I get headaches and dizziness during sinus infections. When it happens, first I make sure to drink more water. I always keep several bottles of vitamin water and electrolyte water in the fridge. Then I go outside in fresh air. Somehow oxygen helps dizziness and just makes me feel better. Smelling a lemon or an orange makes me feel better too.

If you are constantly dizzy though and these don't help, I suggest being checked out by a doctor. Dizziness can also be a sign of more serious neurological or metabolic conditions.

My aunt used be constantly dizzy and after having a blood test at the hospital, she found out she has hypoglycemia

. It's when blood sugar is always lower than normal. The doctor said that if she hadn't been diagnosed and treated, things could have gotten a lot worse.
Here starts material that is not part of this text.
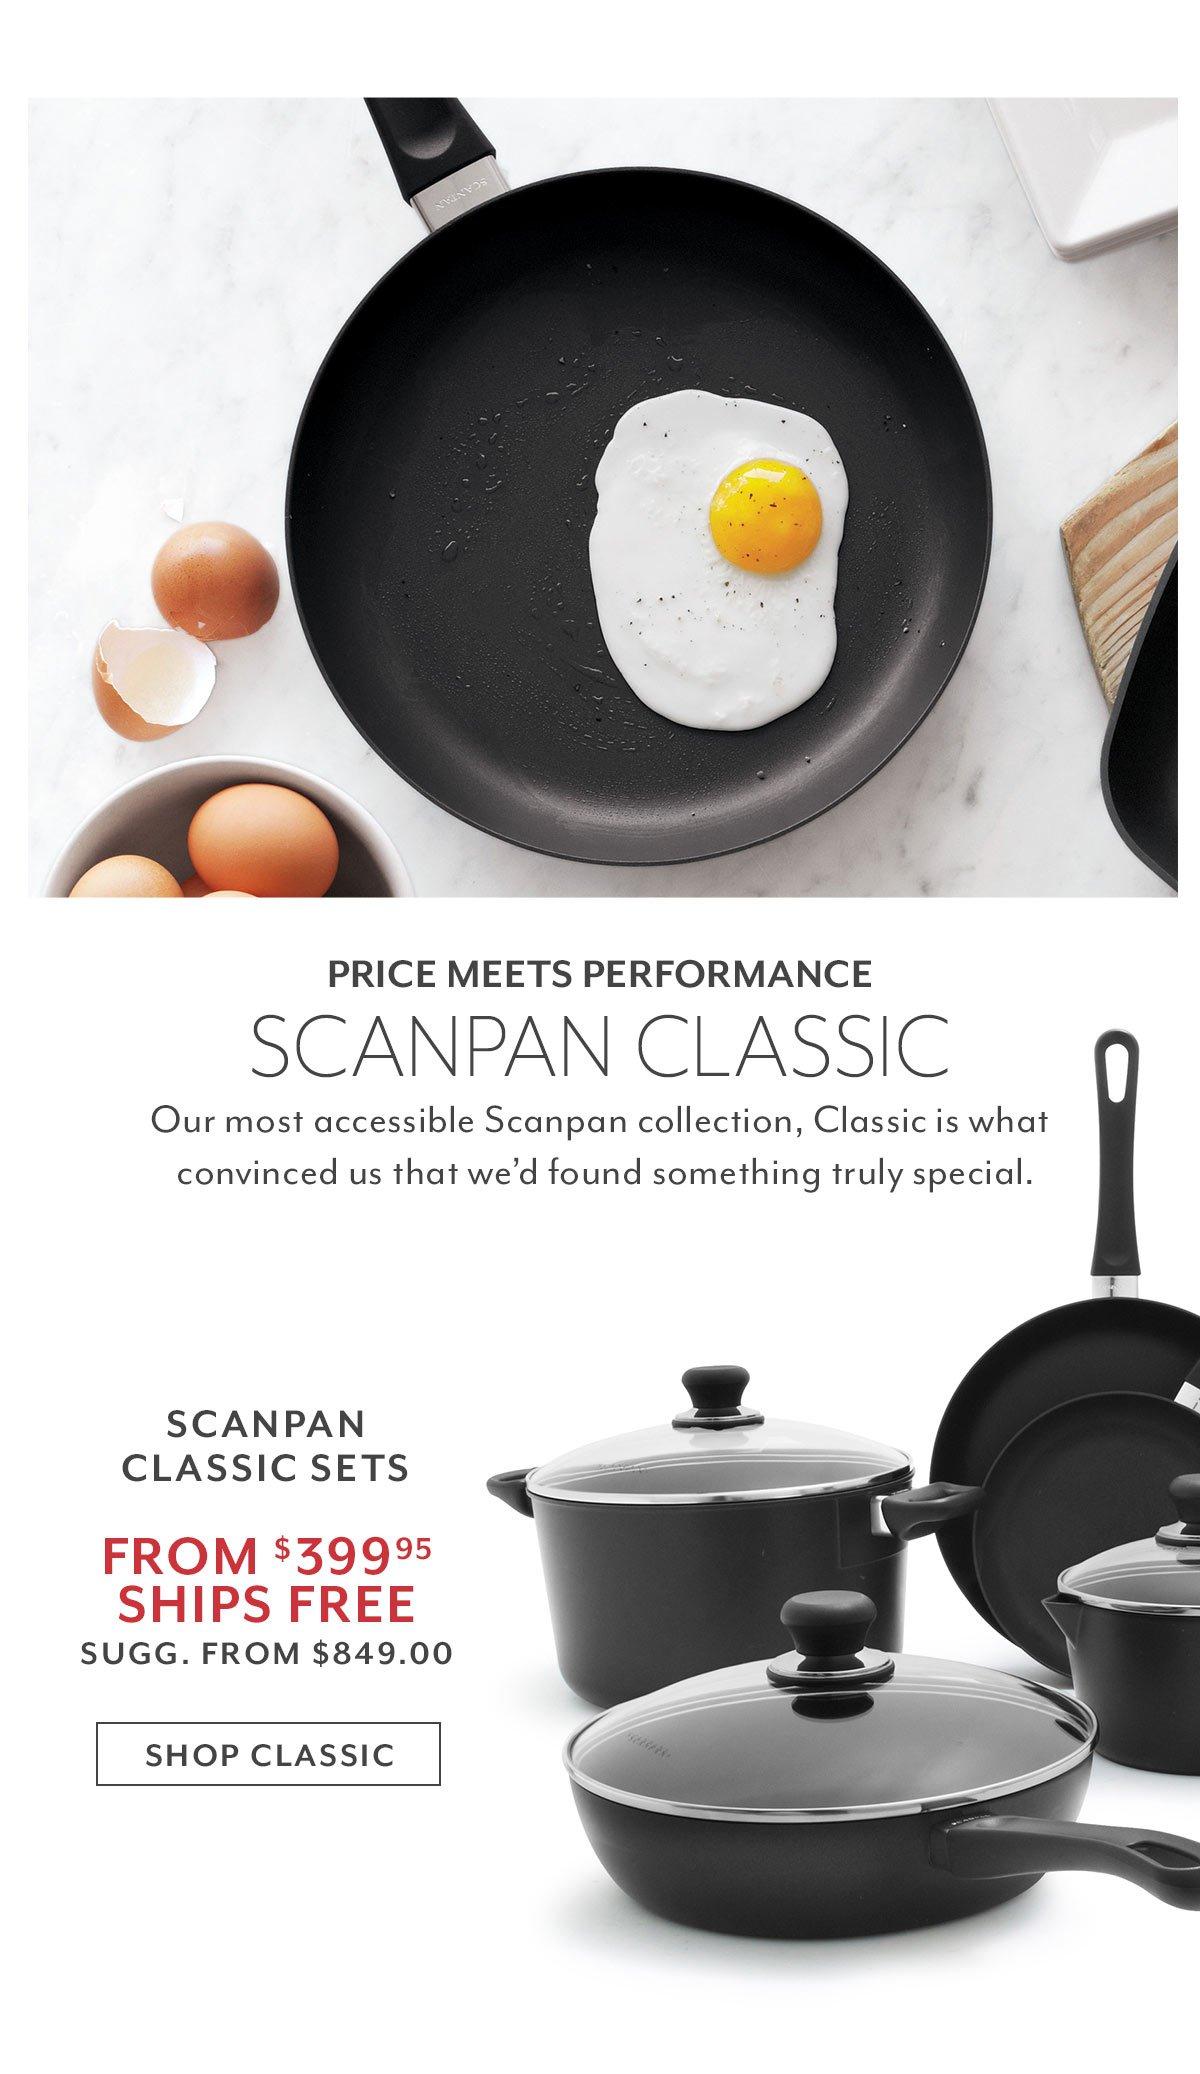 Scanpan Classic

Hypoglycemia can apparently even lead to a coma if it's untreated. Dizziness is definitely a sign that something is off.
Post 3

@fify--I know how horrible inner ear related dizziness can be! I've had that problem in the past. I didn't know about ginger though, I would take the motion sickness pills from the pharmacy. Those stop the dizziness but the bad part is they also make you drowsy. I wish I had known about ginger supplements then.
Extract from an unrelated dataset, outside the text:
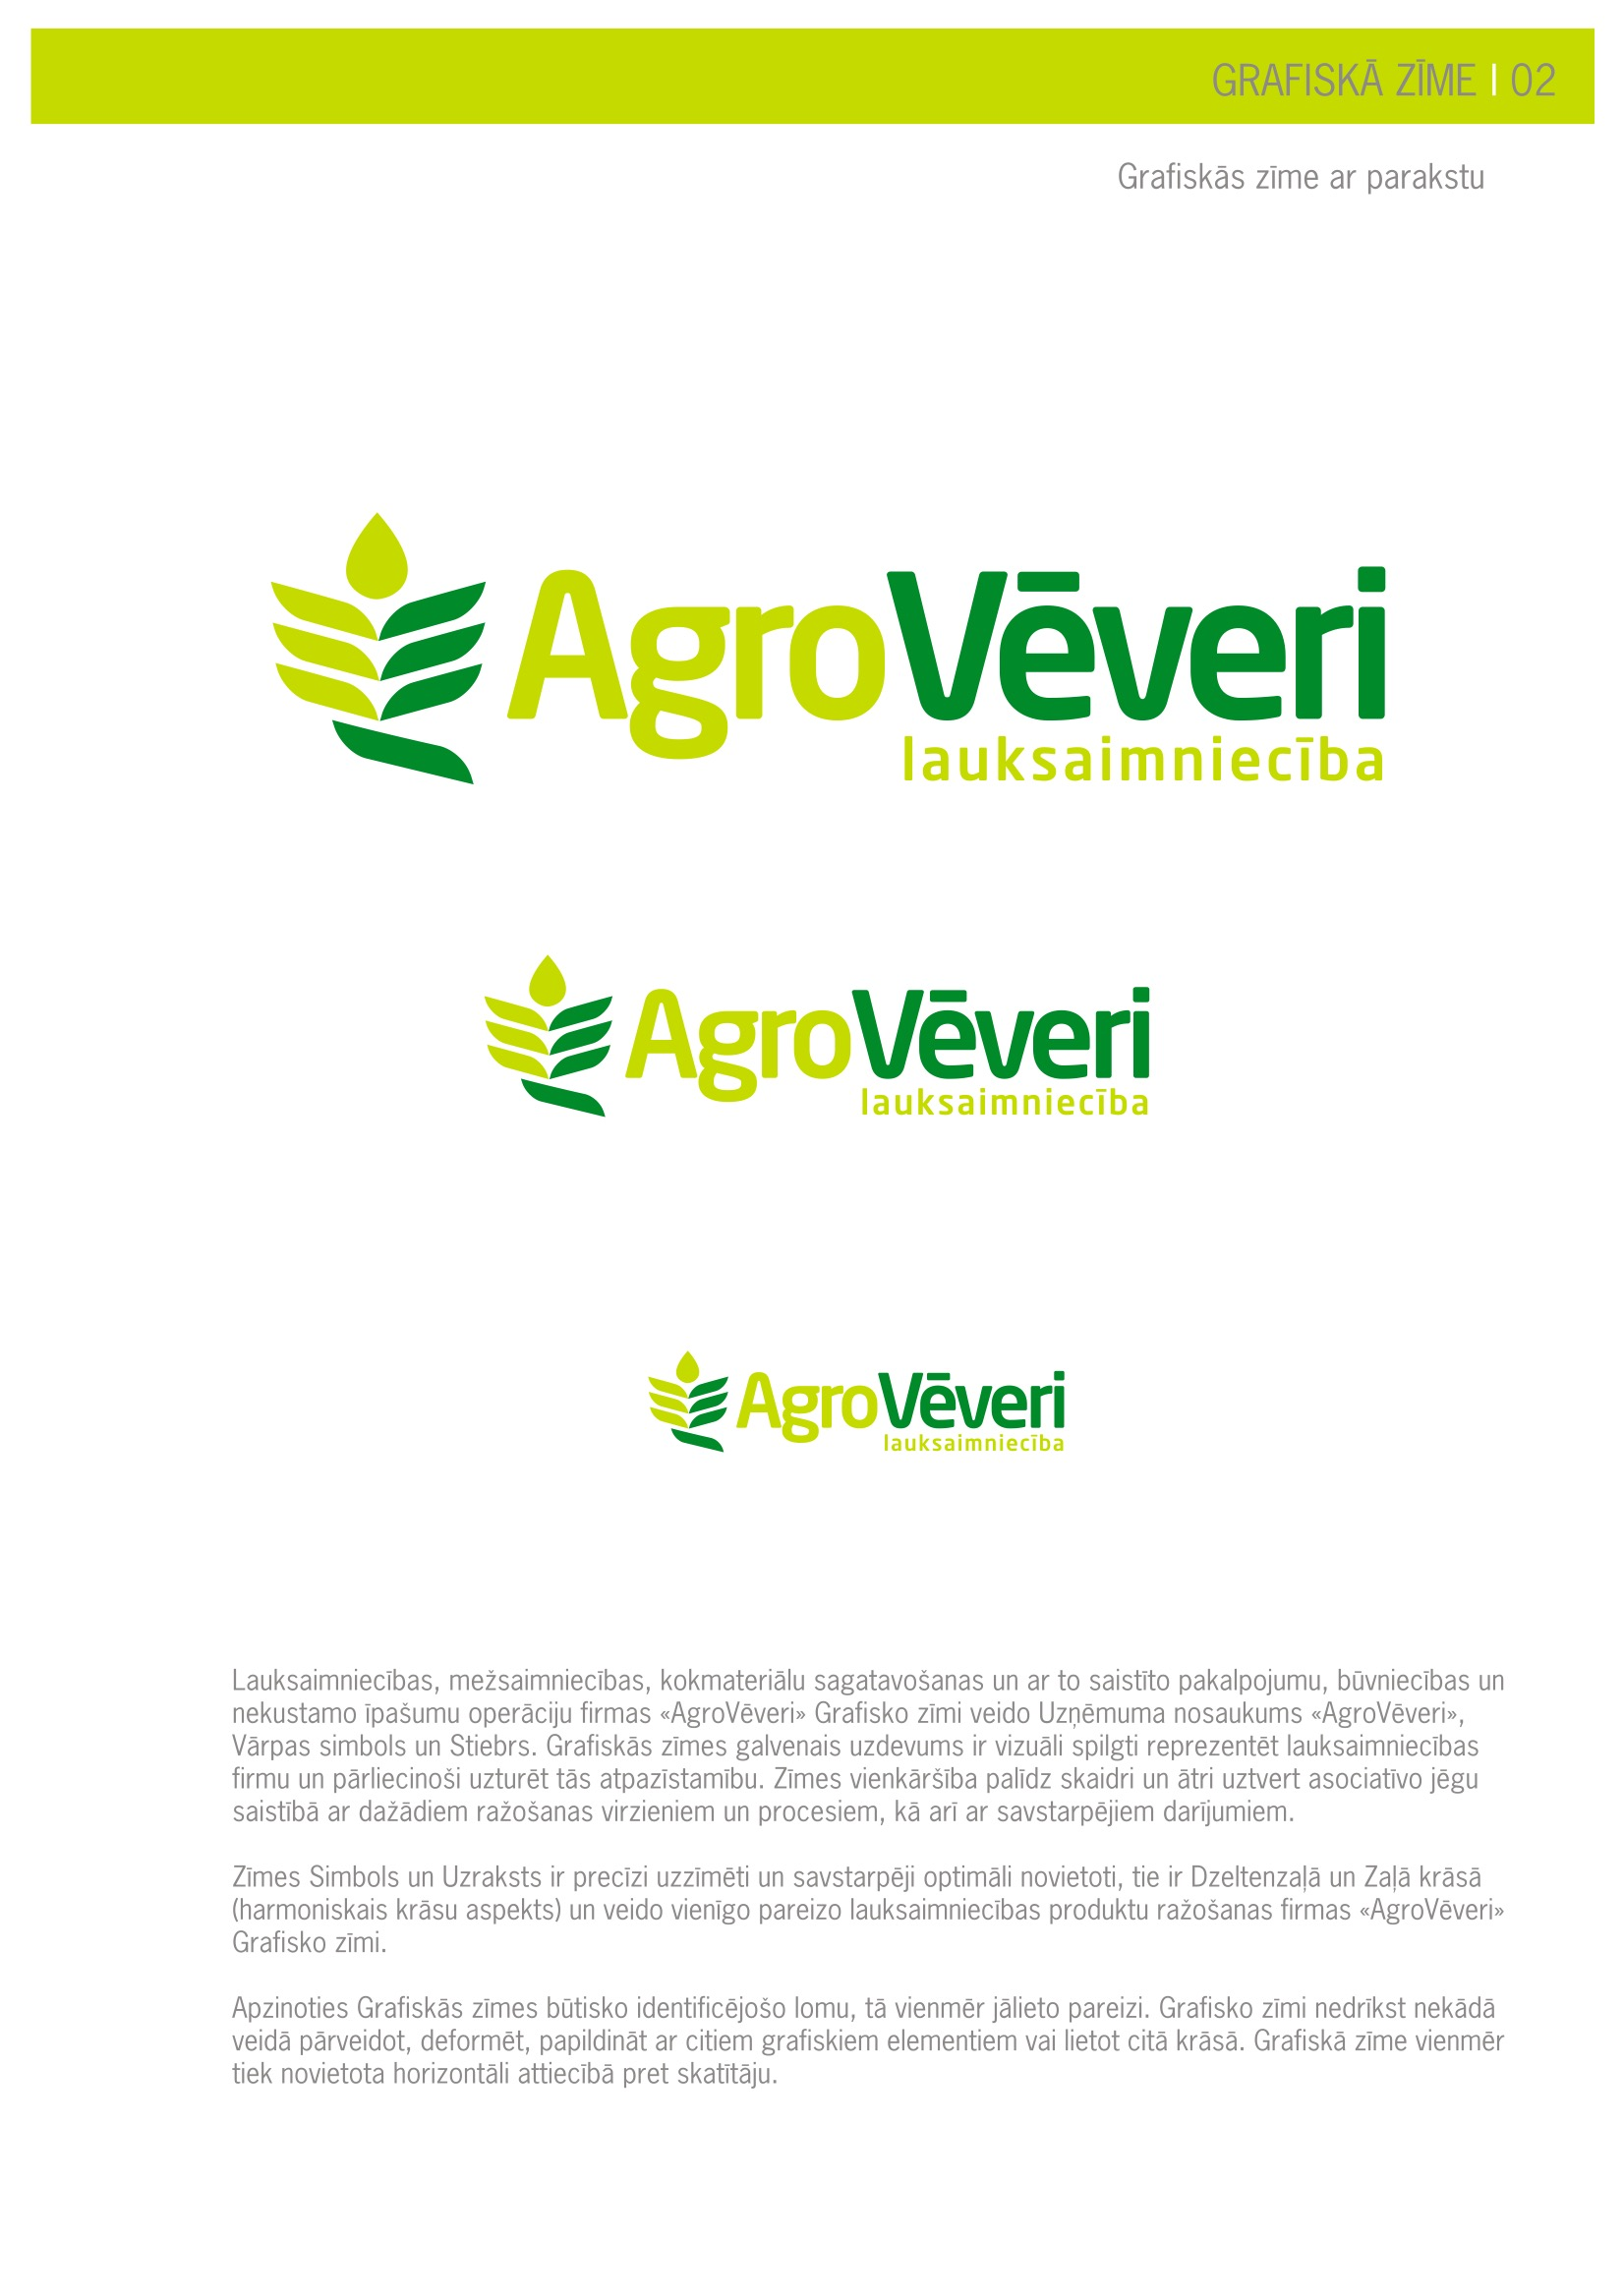 Agroveveri_Stils 2

I don't have constant dizziness but it happens at least four or five times a day. It only happens when I'm moving fast, like if I get up from my bed too quickly. Or if I sit and stand really fast. It's like the whole world is whirling, it's not a good feeling.

I've been worried about it but after reading this article, I guess it's pretty normal. I just have to learn to move more slowly.

Post 2

Ginger is really great for dizziness! I have a problem with my inner ear which gives me nausea and dizzy spells whenever I'm in a moving car or other transportation. It tends to get worse if I take an underground metro or a plane flight. I guess the change in pressure affects the pressure in my inner ear.

But ever since I've started taking ginger supplements and ginger candies, my dizziness and nausea has almost completely disappeared. I just buy the ginger capsules from the pharmacy. Ginger candies are available at natural food stores or online.

If I can't find either, I just mix some dry ginger powder in honey and add it to milk or apply on toast in the mornings.